[GIVEN INFORMATION]

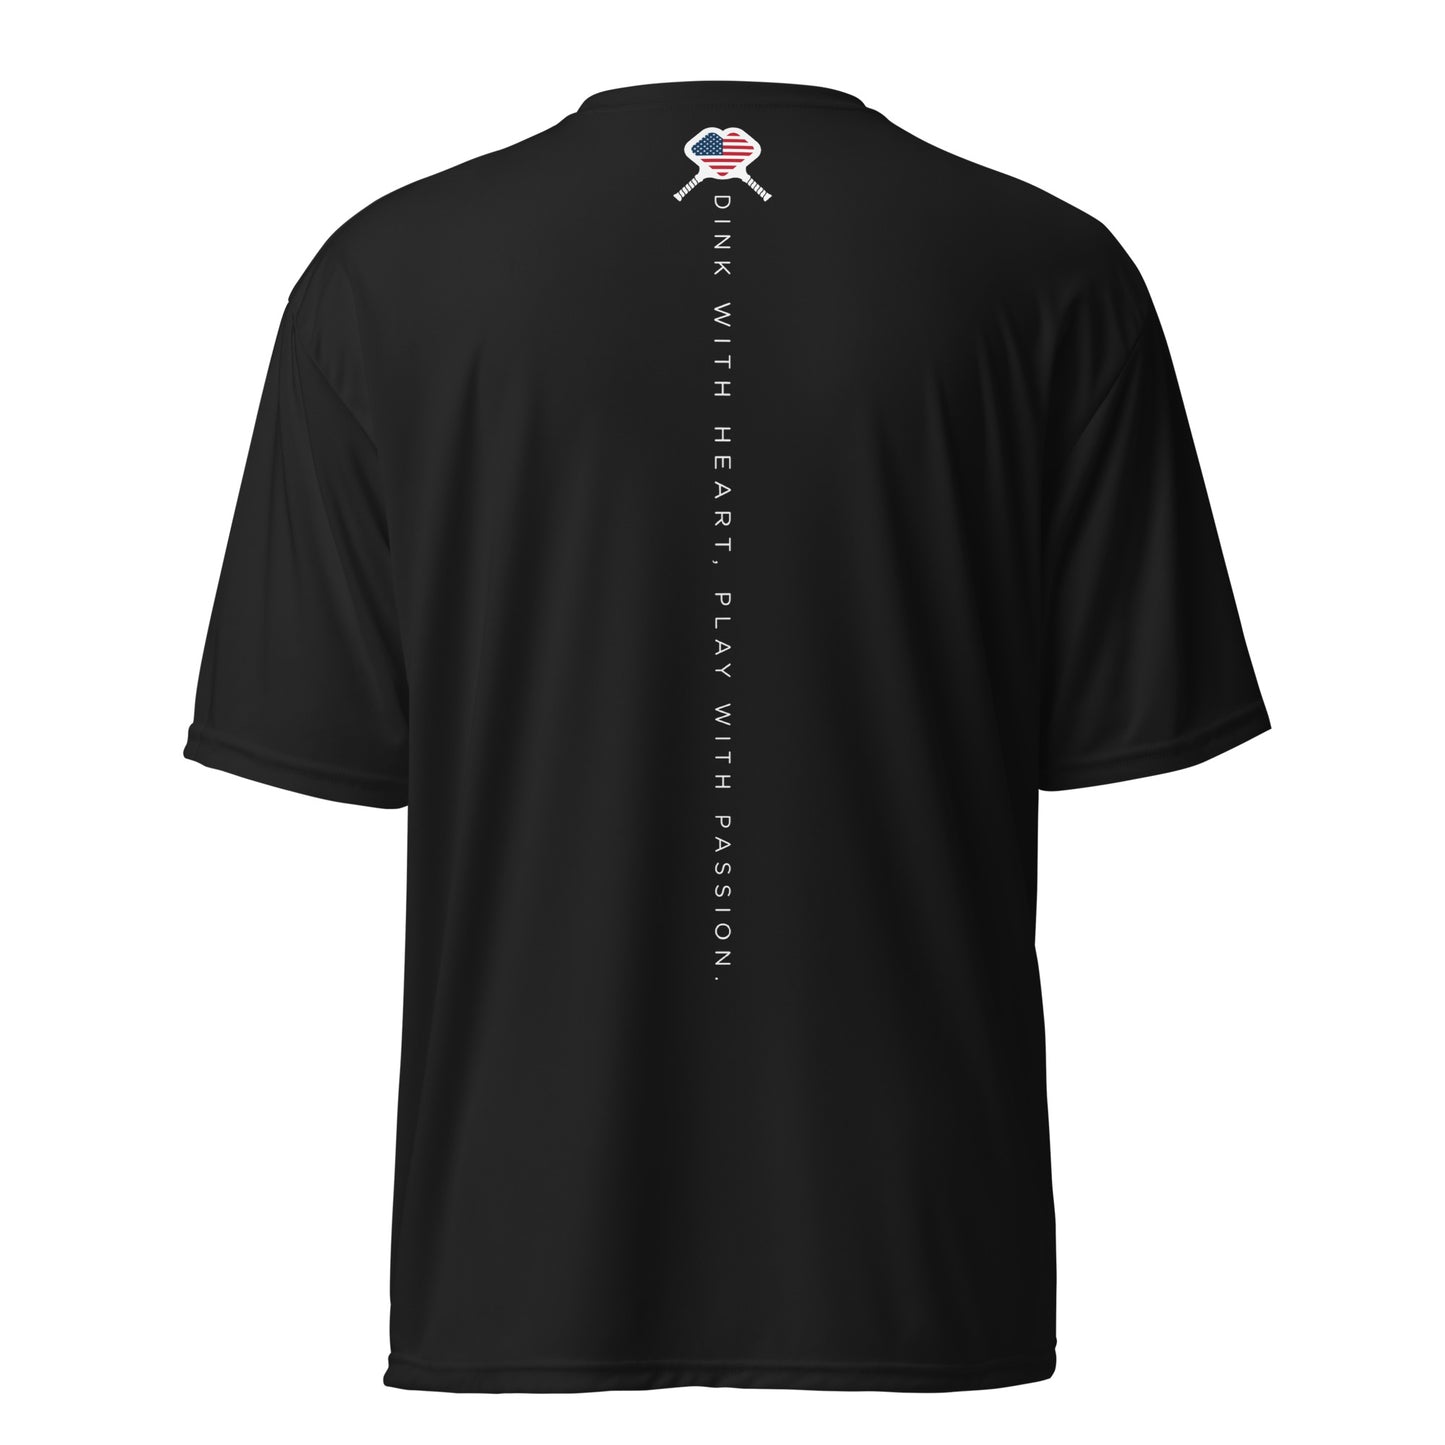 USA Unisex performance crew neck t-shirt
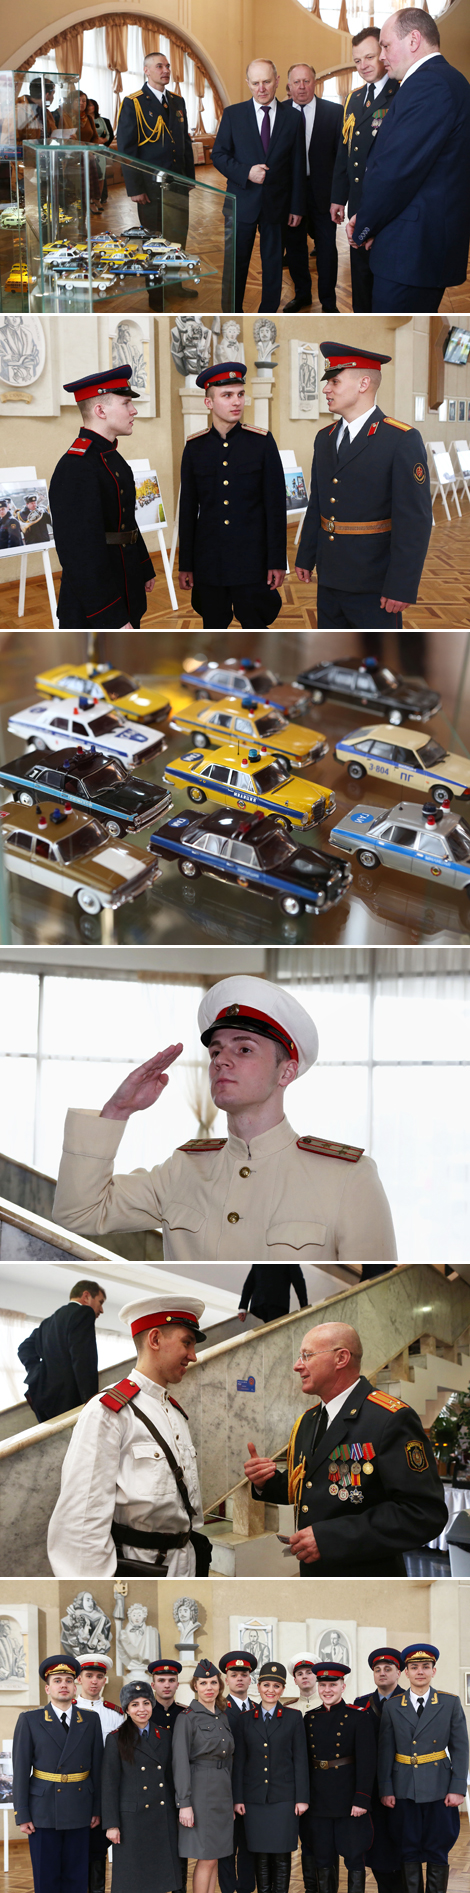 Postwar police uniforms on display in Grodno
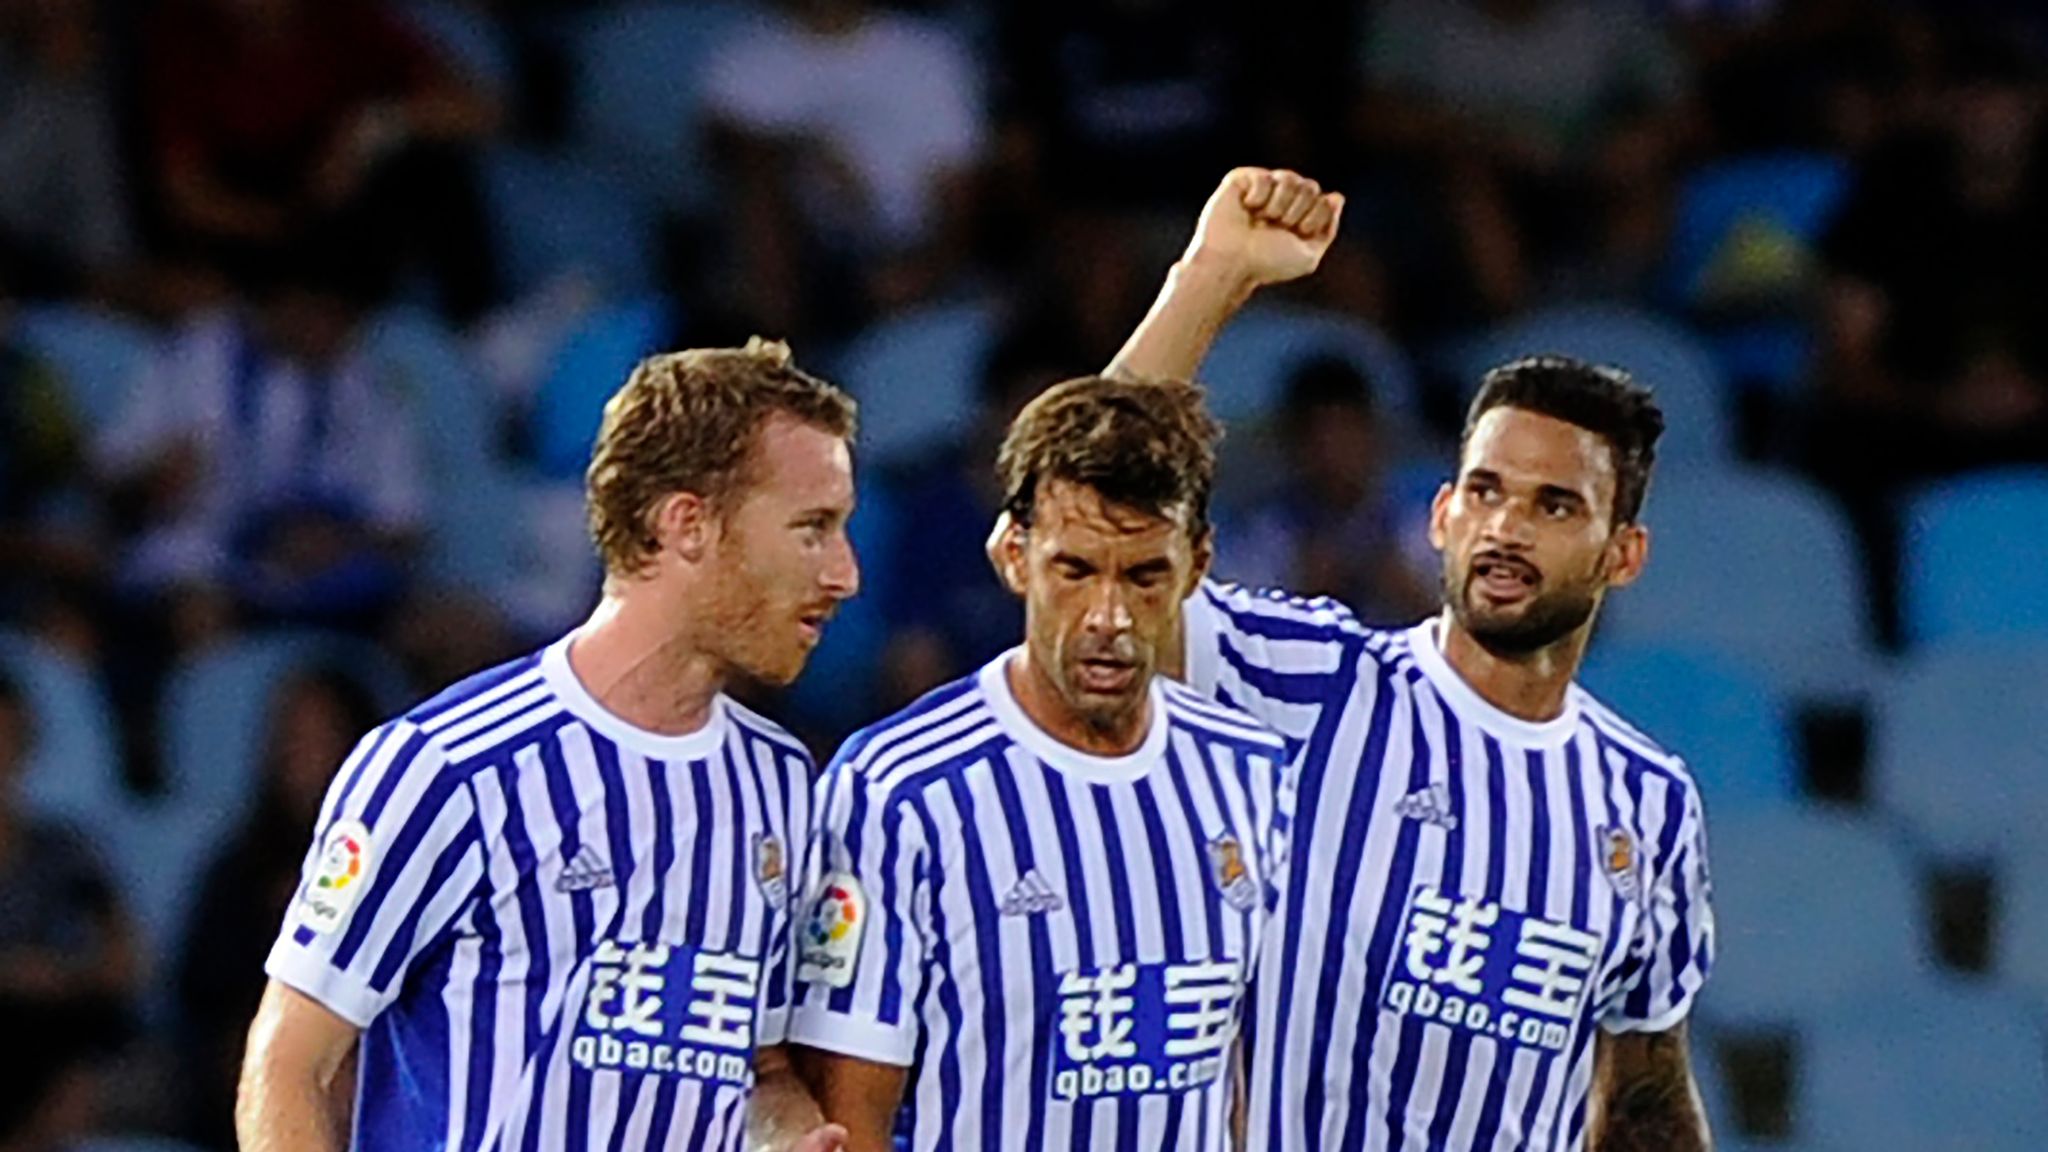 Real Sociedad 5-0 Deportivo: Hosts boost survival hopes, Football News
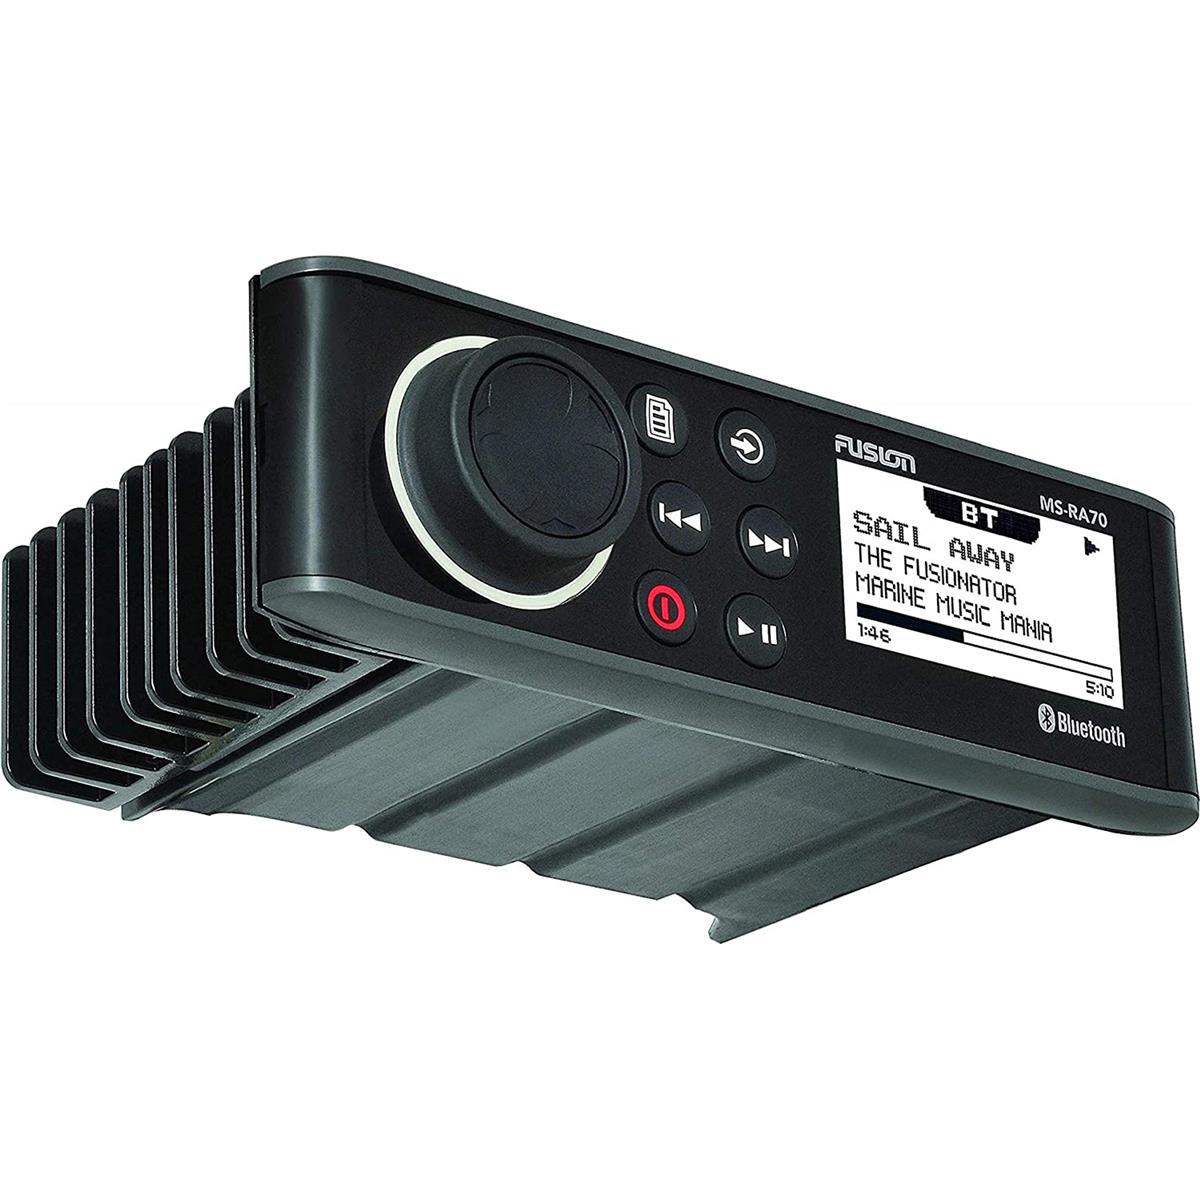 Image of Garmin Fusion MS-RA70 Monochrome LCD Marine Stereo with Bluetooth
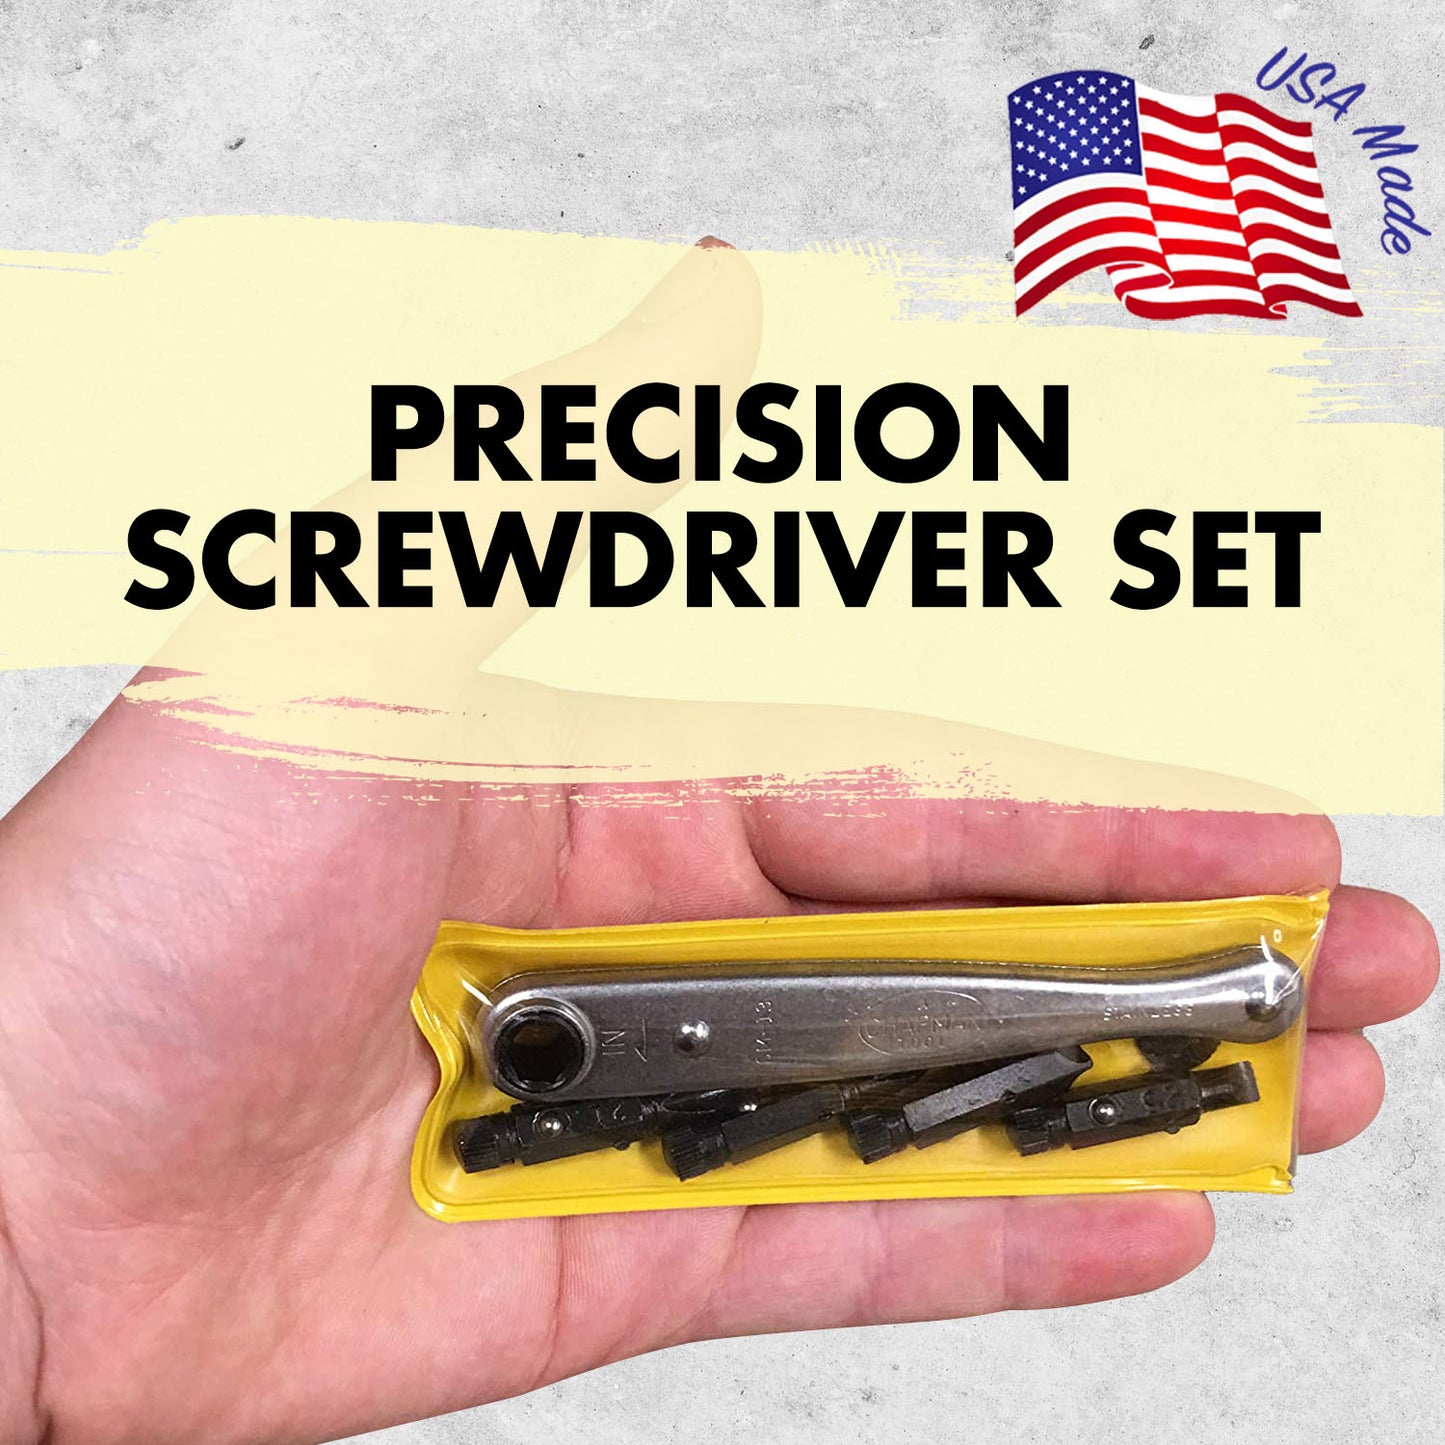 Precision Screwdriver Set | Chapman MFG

[/GIVEN INFORMATION]

> **TASK DESCRIPTION**: Only the lines from the one with "Real Sociedad 5-0" through the final line of the data should be written out, exactly and including both ends. Skip the pictures.

> **EXERCISE RESPONSE**:
 Real Sociedad 5-0 Deportivo: Hosts boost survival hopes, Football News
 Image of Garmin Fusion MS-RA70 Monochrome LCD Marine Stereo with Bluetooth
 Precision Screwdriver Set | Chapman MFG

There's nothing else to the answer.